Before starting, the group move the drum kit to the opposite end of the room, effectively surrounding the audience… well if it were possible for two people to surround anything. They’re like Horses’ big brother band – the same jagged guitar riffs, breakneck drumming and shouted lo-fi vocals distorted through an amp. Where Horses’ songs never strayed the ‘prog’ side of a minute and a half, Thee Cuss Words stretch out with comparative epics, at times scraping the three minute mark! Charlie Wyatt’s grimy fret abuse is almost a distilled caricature of trad rock riffing (but played at 78rpm) and we are even treated to a couple of
solos… with guitar behind the head! Hyperactive drummer Tom Close pours beer over himself between songs and recklessly careers around his kit with a momentum that shows scant regard for health and safety. They manage to be gloriously unhinged while staying tightly on the beat, hurtling through the songs on their great debut EP “Even the Devil Went
Home and Barfed that Night” and more with a breakneck intensity that climaxes with Charlie discarding his guitar to distribute Tom’s spare drumsticks to the audience as everyone joins in with a thunderous drum finale that brings a great night to a suitable close.’
![[image] [image]](http://i110.photobucket.com/albums/n112/neilcrud/cheapbands.jpg)

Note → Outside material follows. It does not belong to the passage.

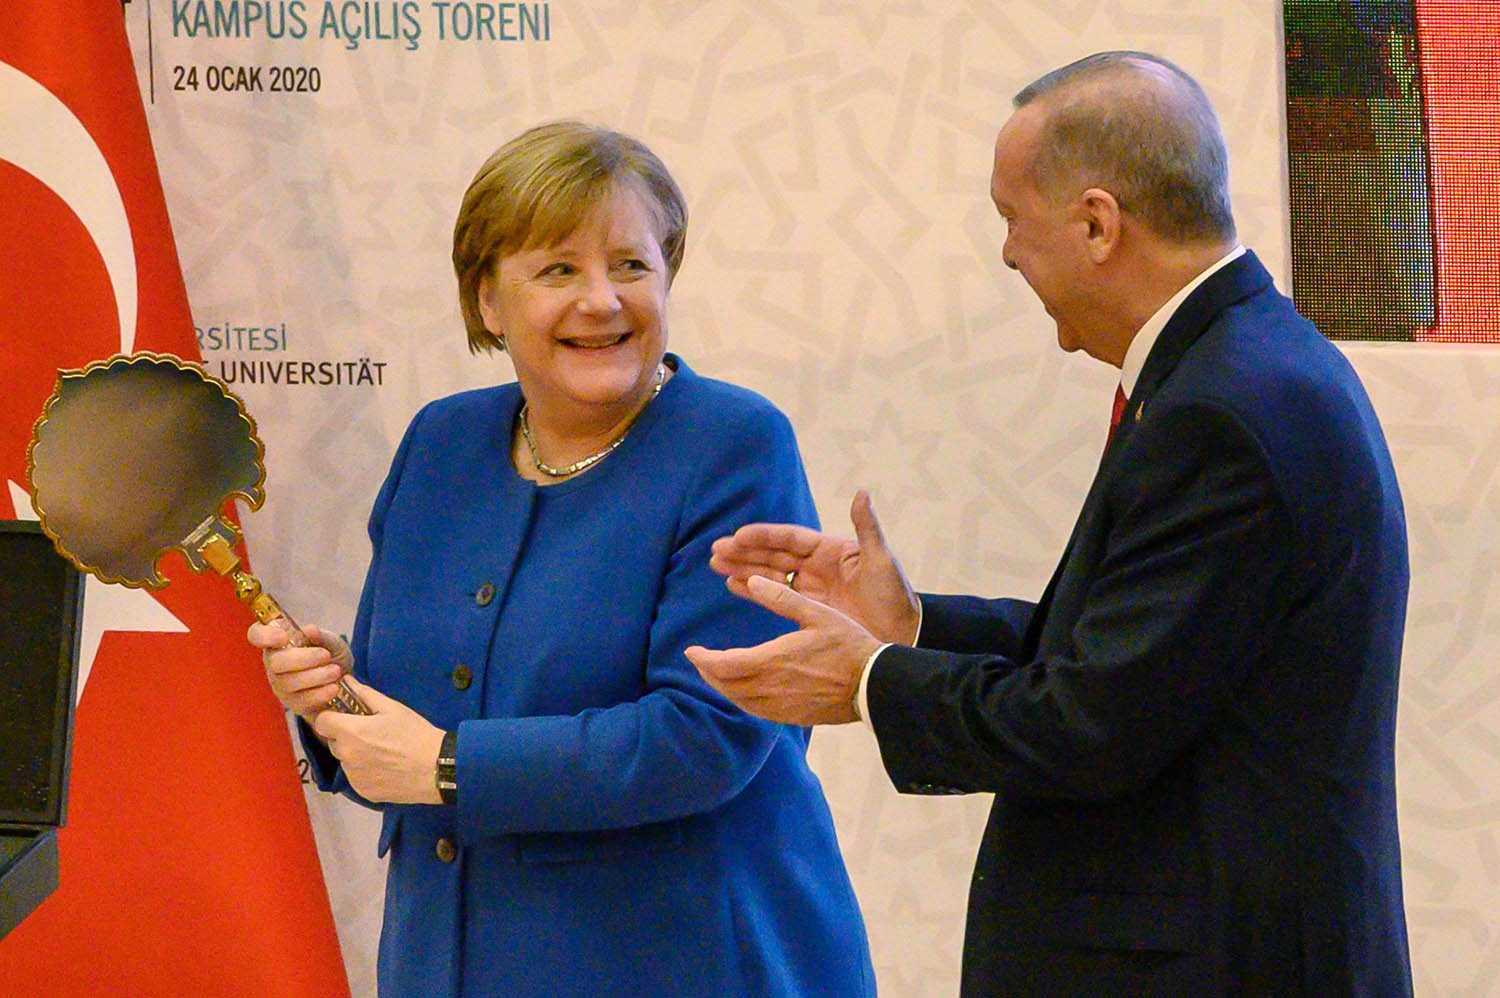 الرئيس التركي رجب طيب اردوغان والمستشارة الالمانية انغيلا ميركل
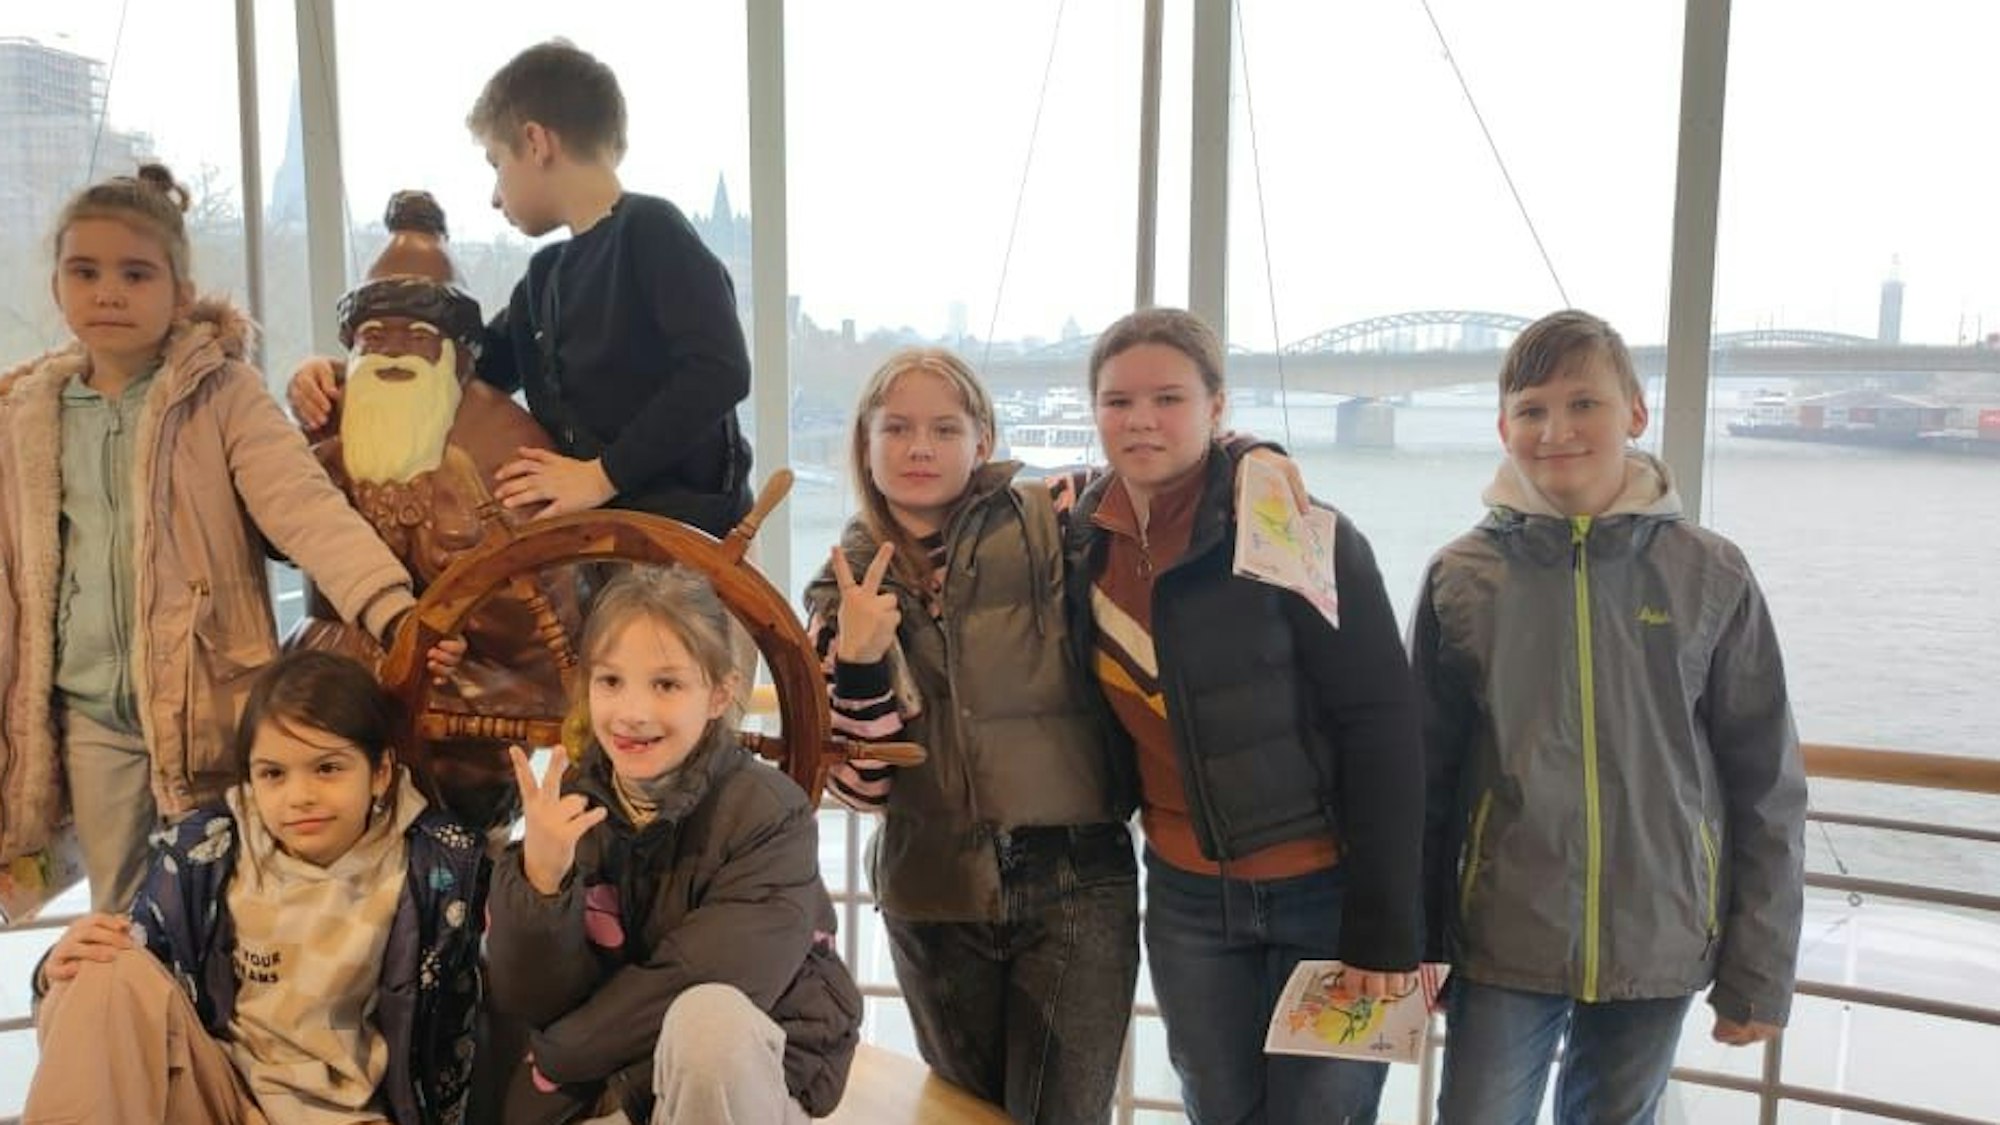 Sieben gehörlose und geflüchtete Kinder des Kölner Vereins Shahrzad stehen hinter einem Ruder im Kölner Schokoladenmuseum

Having reviewed so many ‘big gigs’ and moaned with despair at the blanket Red or Black Cowelled coverage mainstream drossed out shit gets these days, it’s an absolute pleasure to find these gigs. This is the real underground – below the radar of even alternative radio. It’s a small club, an exclusive club, an ace club. Each town has one or two bands, or legionnaires who are in this club and they network. Many are 2-piece acts like Horses (or one piece, like Whales) and nights they play like this are the stuff of legend – myself, Kitty & Holmes will reminisce from our nursing home commodes about the seedy gigs where we’d see the likes of Skinny Limbs, Horses, Thee Cuss Words & The Not Onlys making an absolute glorious racket. We may even be wheeled out to be quoted (like the Sex Pistols’ hairstylist or The Clash’s masseuse does these days for those Punk Rock books and TV shows), and we’d paint a pretty picture of how it used to be before Karaoke Kings, Tribute Bands and X-Fuctor became the norm. Nights like this are priceless and exclusive, with just a few to enjoy the performance. Just a few to share the love of a field so far left it fell off the edge.